[[ Supplied records, beginning ]]

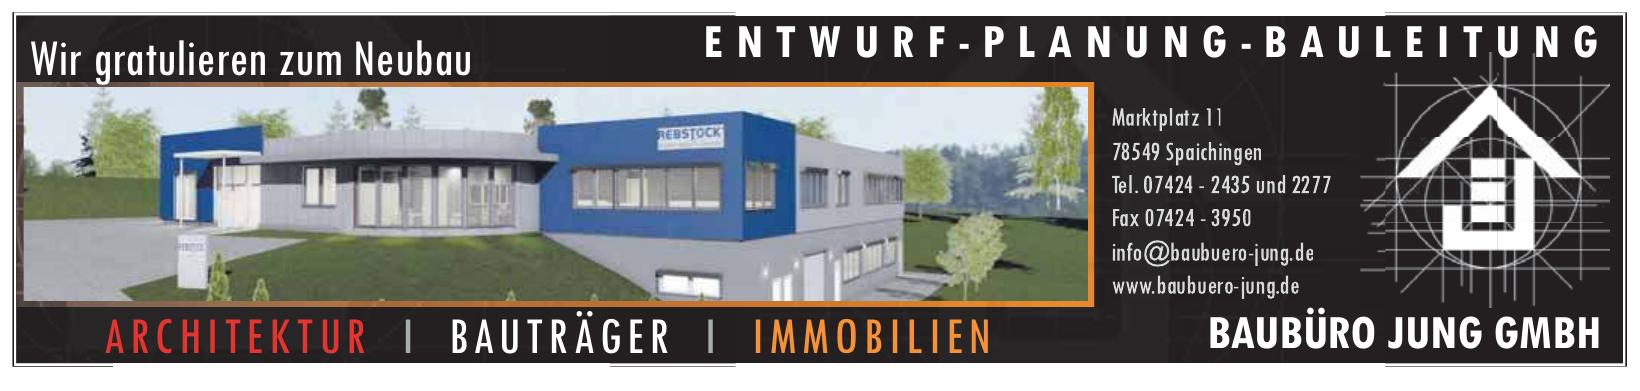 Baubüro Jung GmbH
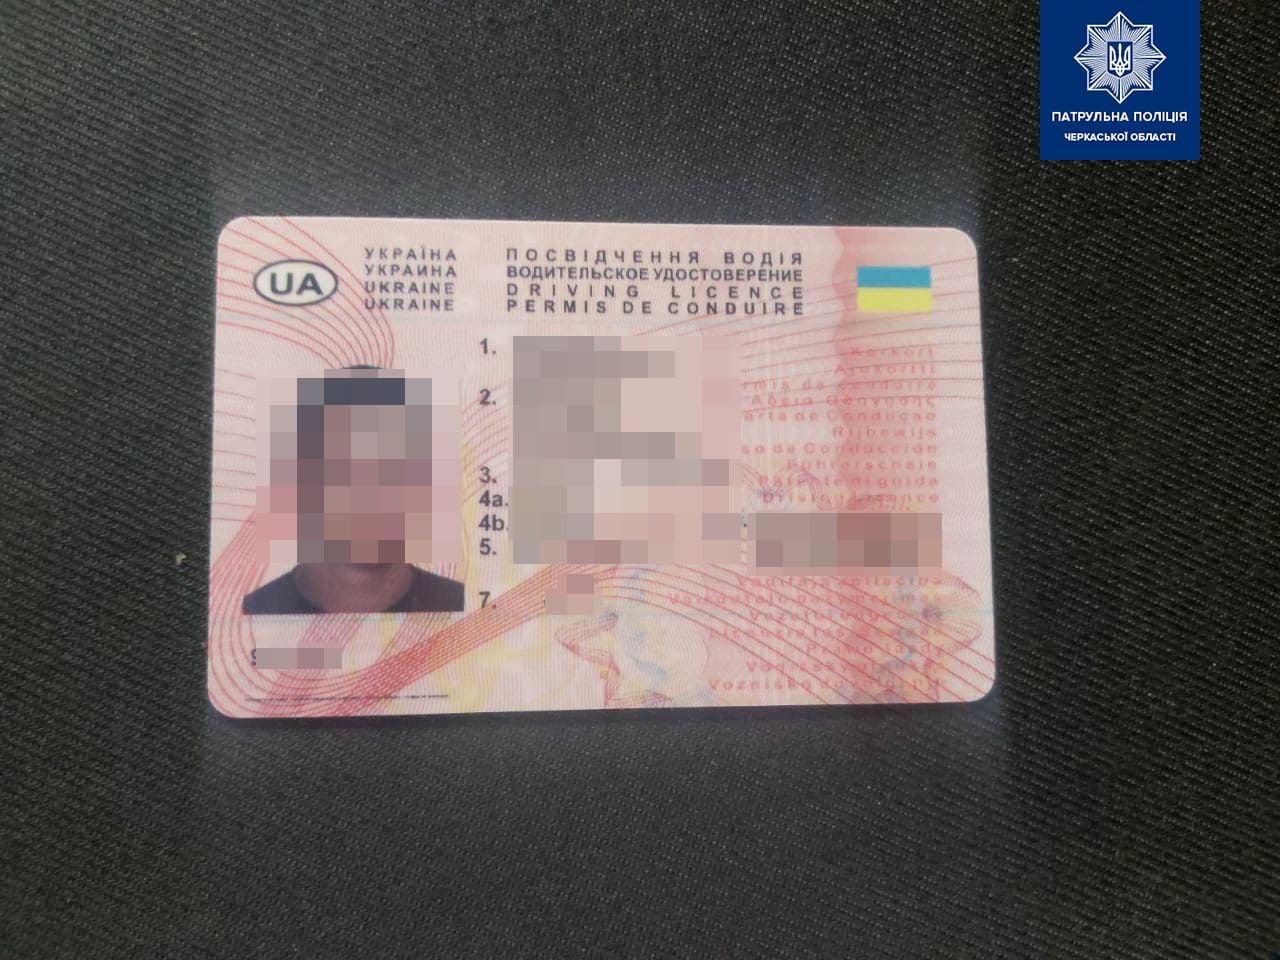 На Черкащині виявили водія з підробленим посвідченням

[[ Supplied records, end ]]
[[ Supplied records, beginning ]]

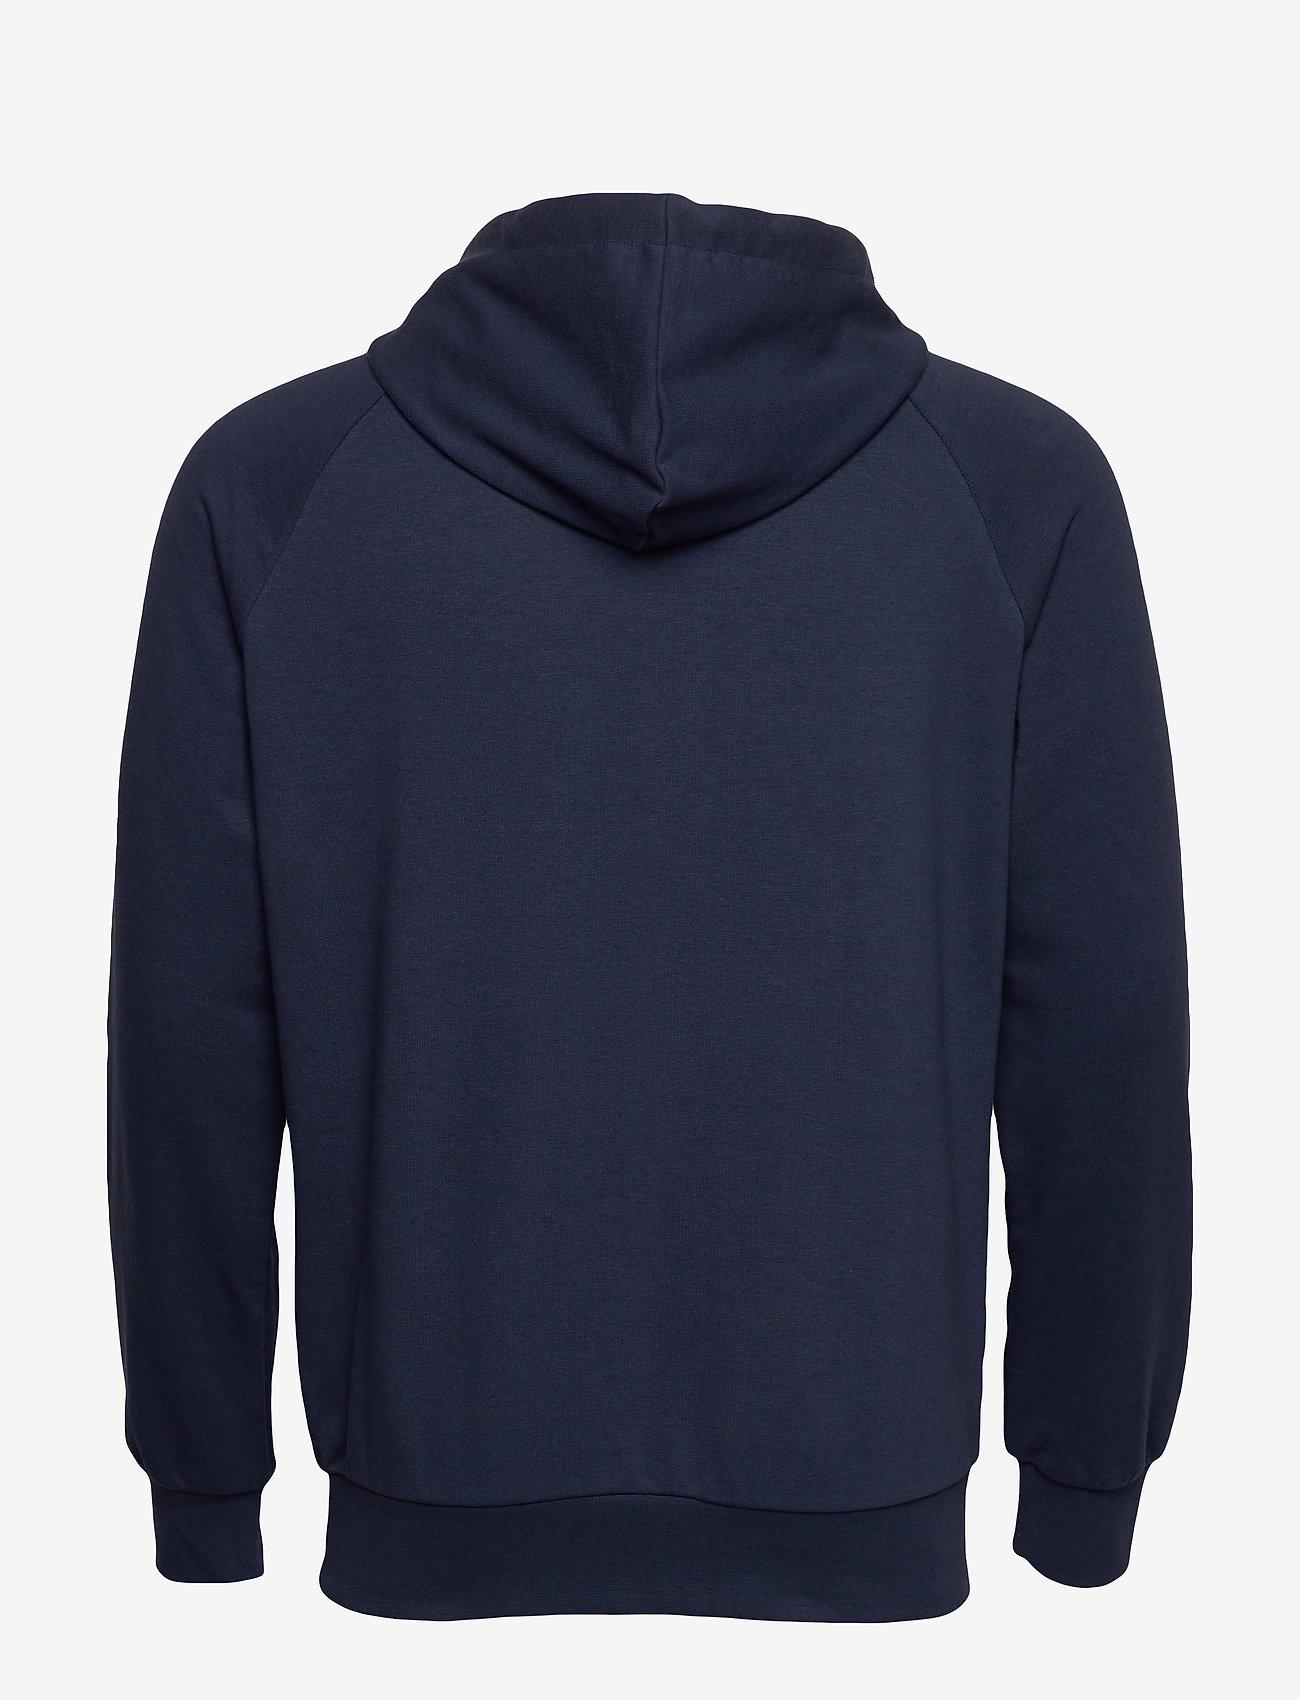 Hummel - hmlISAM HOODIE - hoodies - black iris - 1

[[ Supplied records, end ]]

Problem statement →
Reproduce the data above exactly, but only the lines from the one showing "Baubüro Jung GmbH" through the one showing "На Черкащині виявили", with both ends kept and the pictures left out.

Output below →
 Baubüro Jung GmbH
 На Черкащині виявили водія з підробленим посвідченням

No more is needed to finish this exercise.